Image: my estimate is early ‘66 but I can’t trace the source, shout it out in the comments if you know

I Feel Fine (Or Not)

In which I pull apart a Weltanschauung

*CW: suicide ideation*

German coming along, is it? LOL I learned that word years ago from The 25th Annual Putnam County Spelling Bee.

Good weekend, all. This is not a Beatles post; sorry to anyone who may feel misled. Today I’m wondering whether, or when, to say you’re fine if you’re not.

I talked a while back about the inherent limitations of asking how someone is doing, especially in English; that was a discussion of semantics, whereas this is a meditation on…emotics? (Nobody submit that to the OED, I’m going straight to Urban Dictionary.)

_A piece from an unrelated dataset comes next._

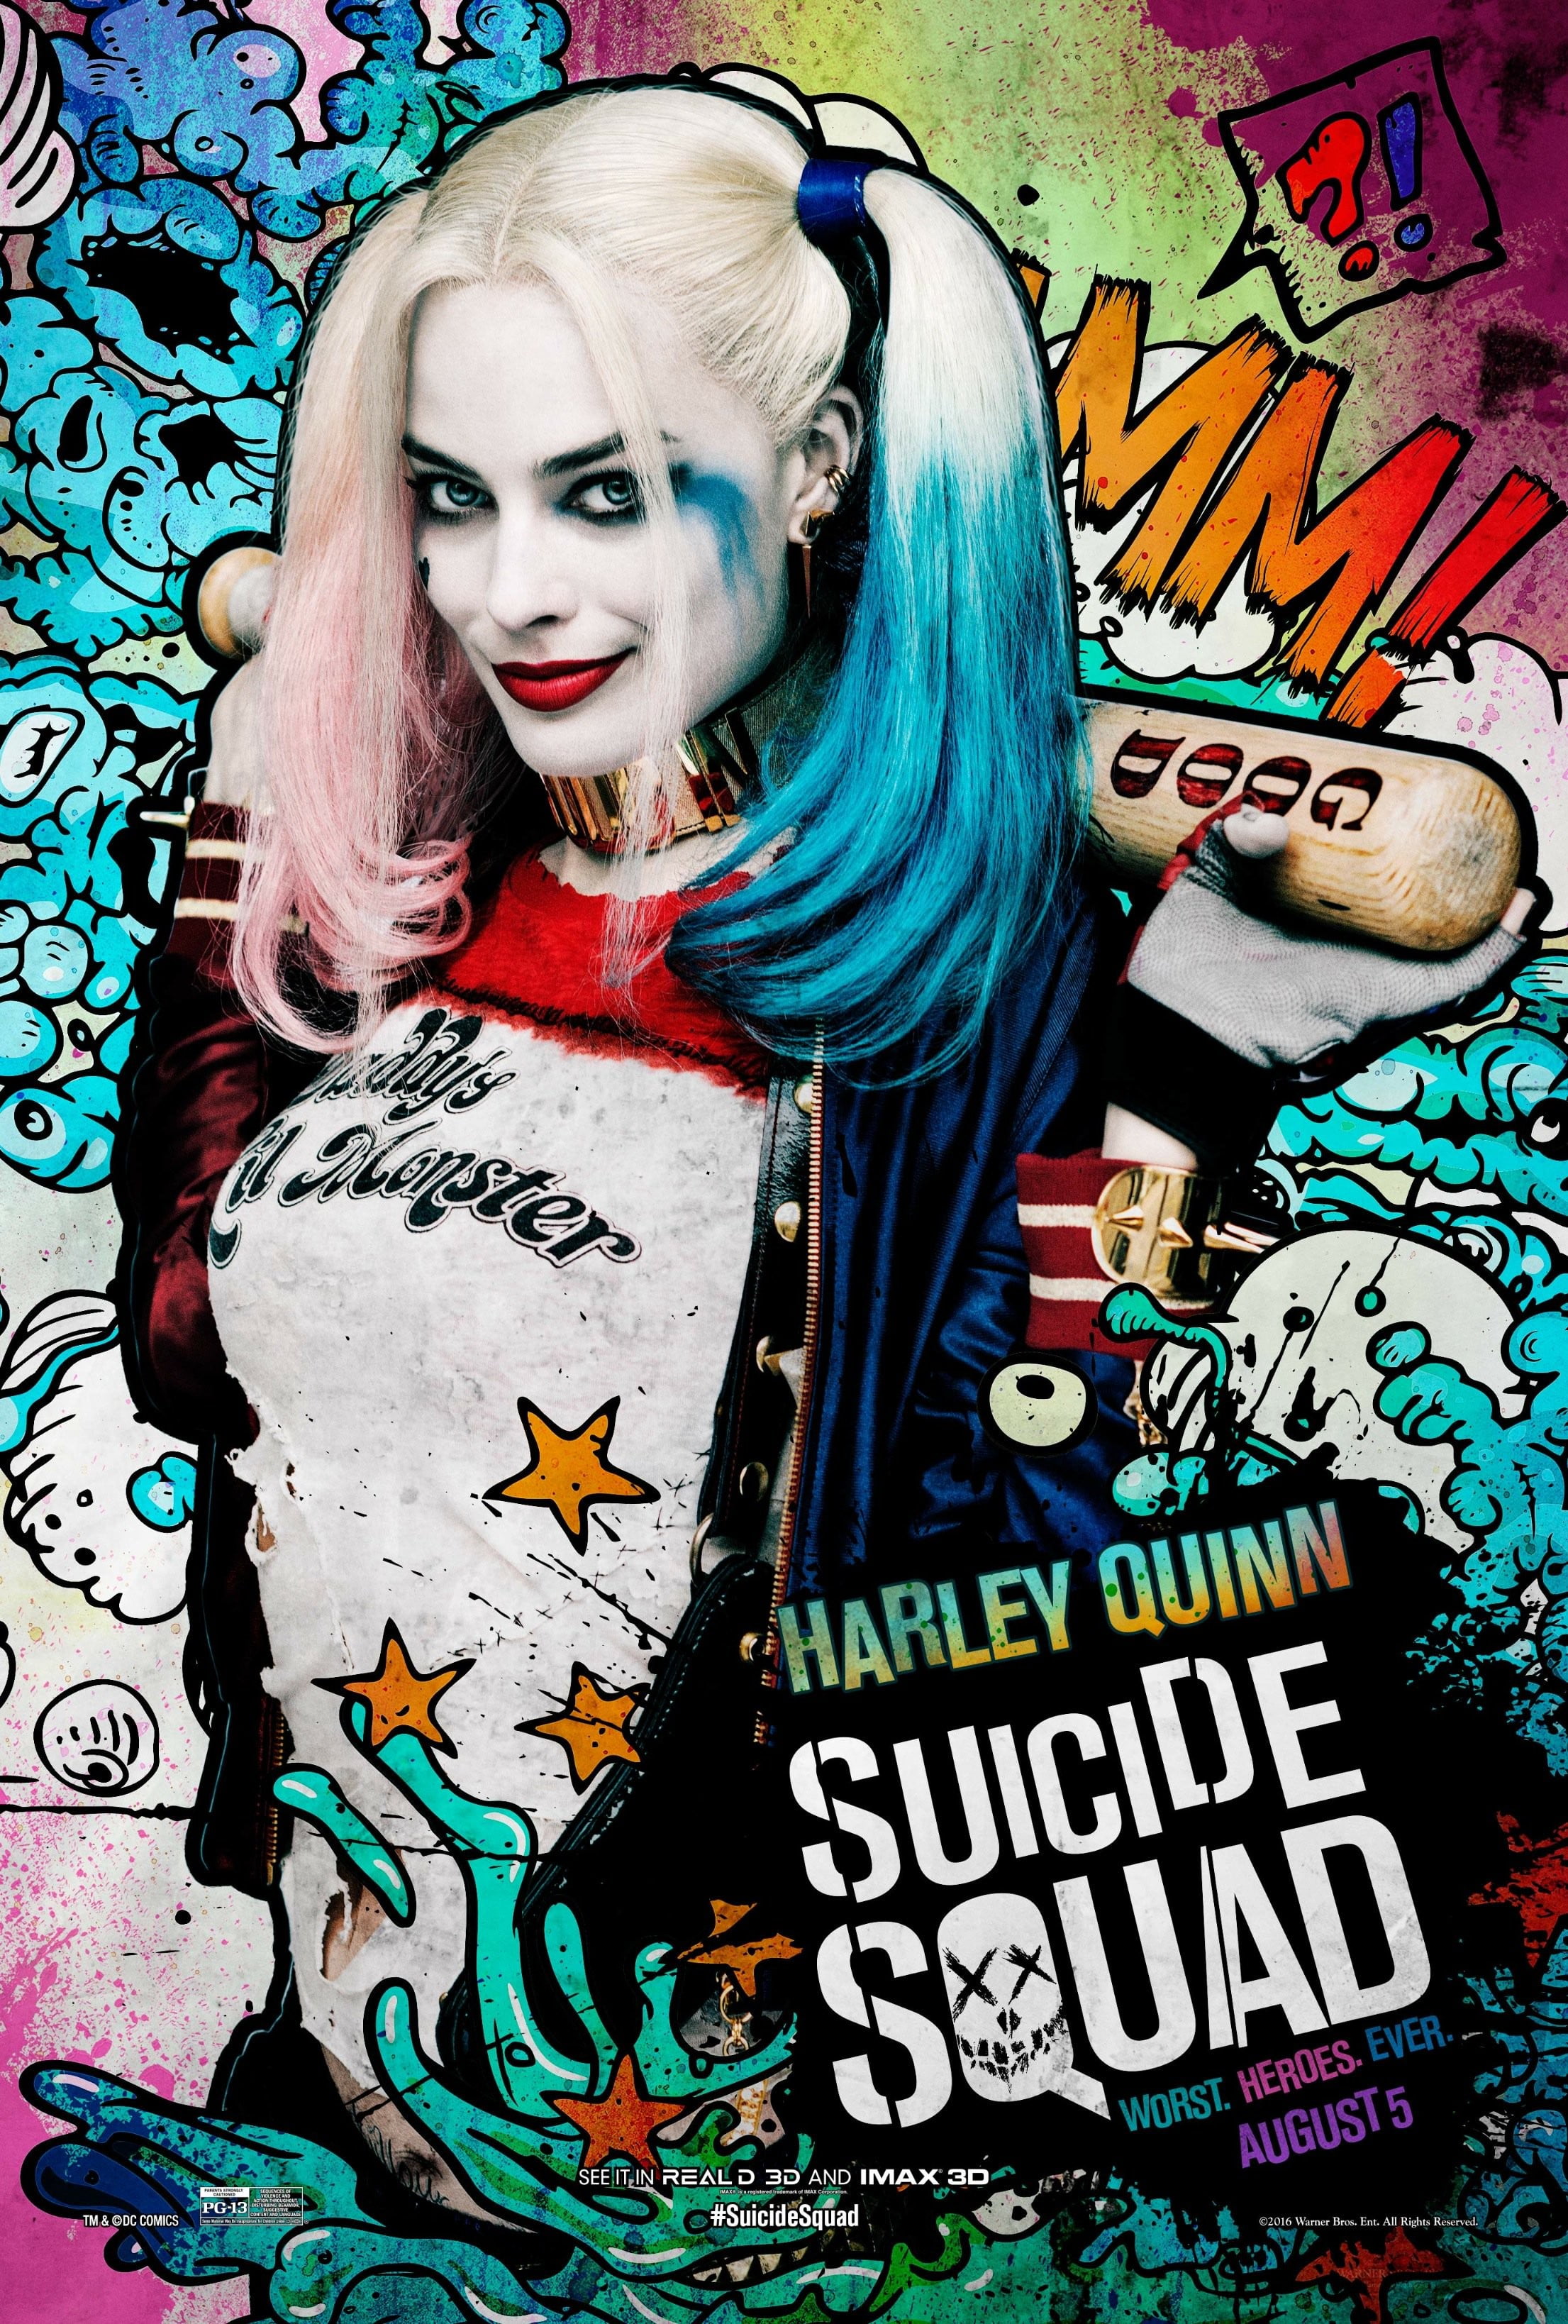 Harley Quinn Suicide Squad digital wallpaper

Recently I was prompted to remember a teacher at my old primary school. I was never in his class, but we all knew him. His sunny disposition was renowned throughout the building. Whenever you asked how he was doing, his invariable reply was “outstanding.”

An admirable approach; there’s much to be said for it. I would bet that he was not doing outstanding one hundred percent of the time—although he biked to and from school, which jacks up endorphin levels—but he certainly lifted others’ spirits, and probably his own, by saying so. At least one person was okay, or so the message went. In fact, you got the sense that if he was okay, the world was okay. The mystery, in my mind, is whether he managed to speak himself beyond a temporary mood-booster into a permanent sense of happiness.

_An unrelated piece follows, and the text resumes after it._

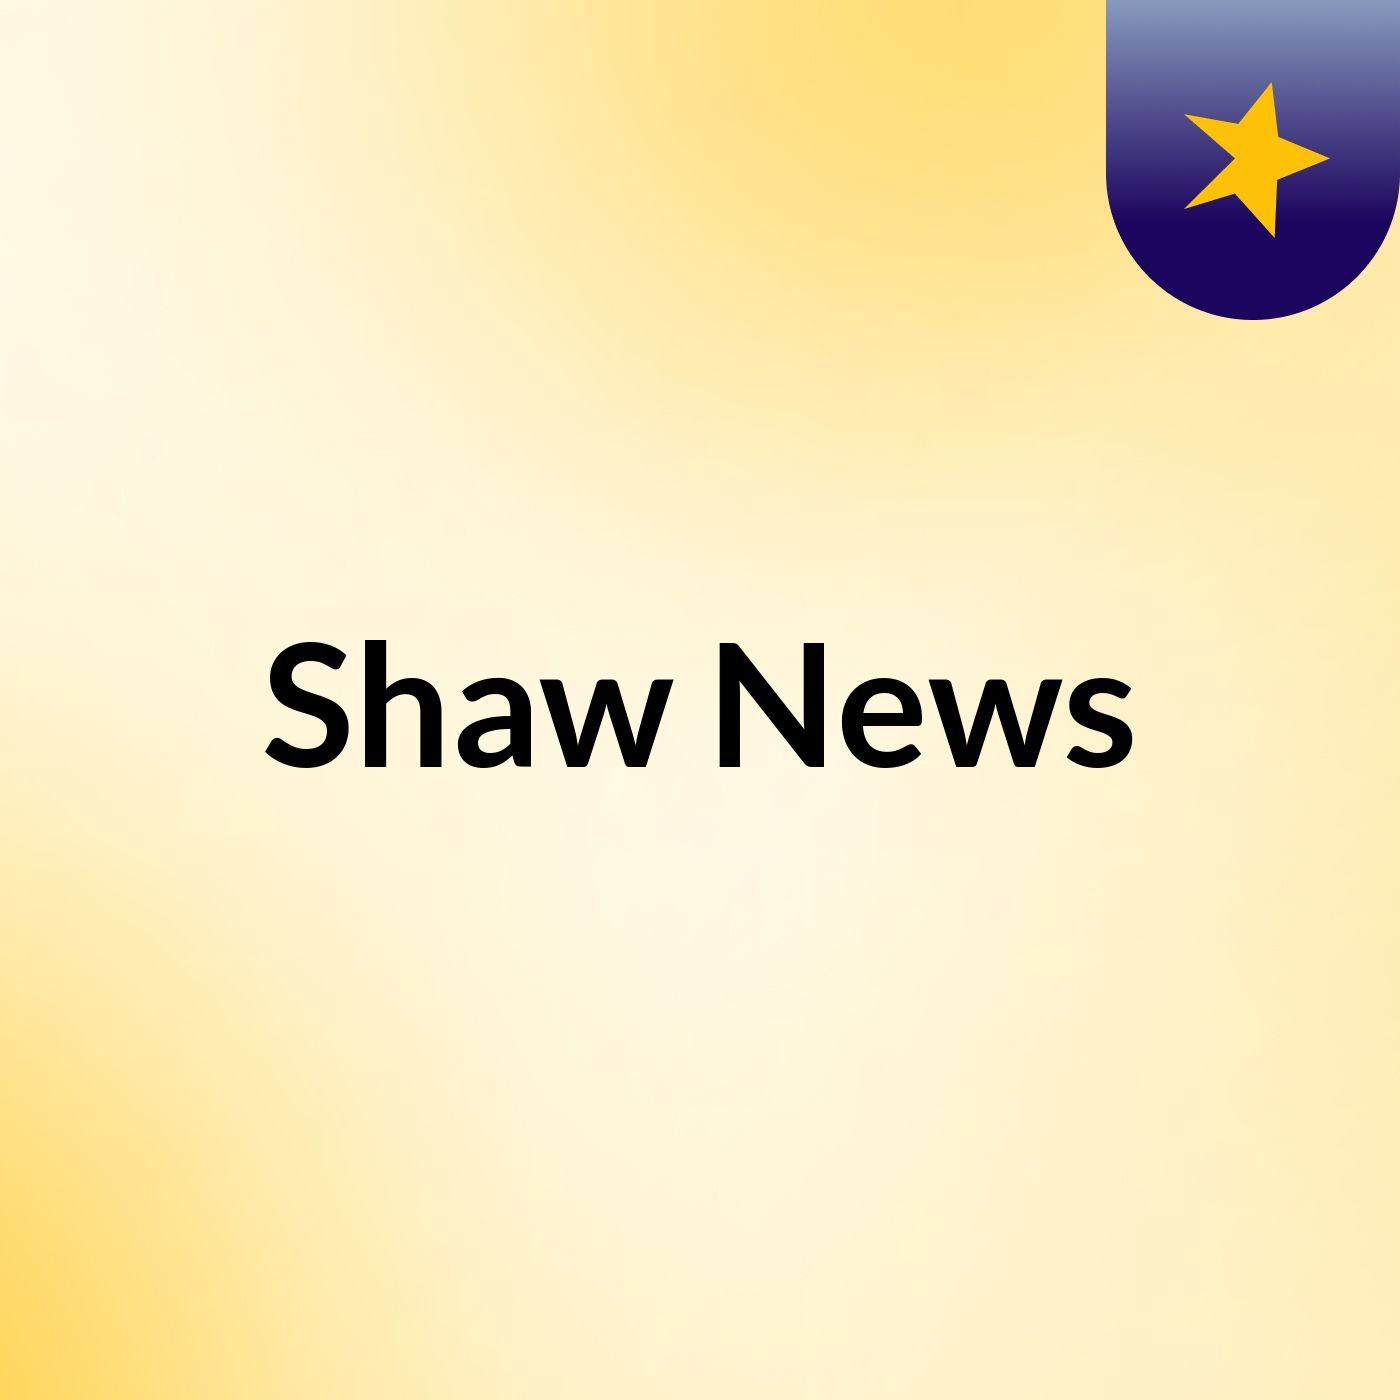 Shaw News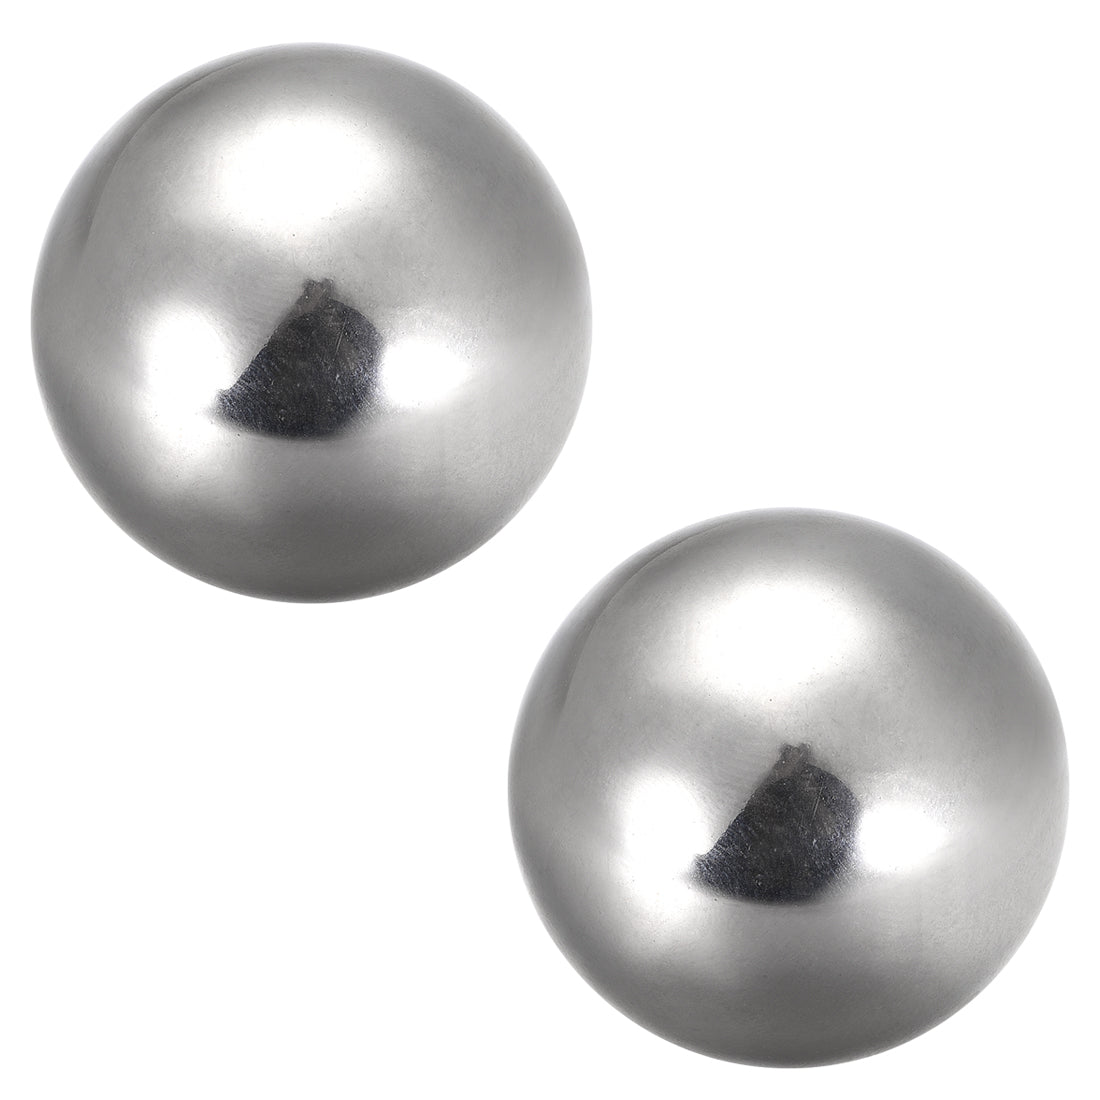 uxcell Uxcell Precision Chrome Steel Bearing Balls 40mm G10 2pcs

I’m not saying you can be permanently happy. Life has its highs and lows, and you will inevitably experience corresponding emotions, and they will affect your worldview. Some highs or lows will last longer than others. But can you convince yourself that you are happy? Or trick your brain into thinking you are?

Let me lead you to where you likely guessed this was going: this approach, for the most part, has not served me. I’ve always had a pretty optimistic outlook (and been fortunate enough to live a life that supports that outlook), but I can tell when a ‘good’ mood is strained or disingenuous, and it doesn’t sit well. It feels like toxic positivity. I can’t manifest cheer if something is wrong. I can’t use a blanket word like outstanding and make it so. No amount of convincing or trickery can persuade me; these tactics usually make the situation worse.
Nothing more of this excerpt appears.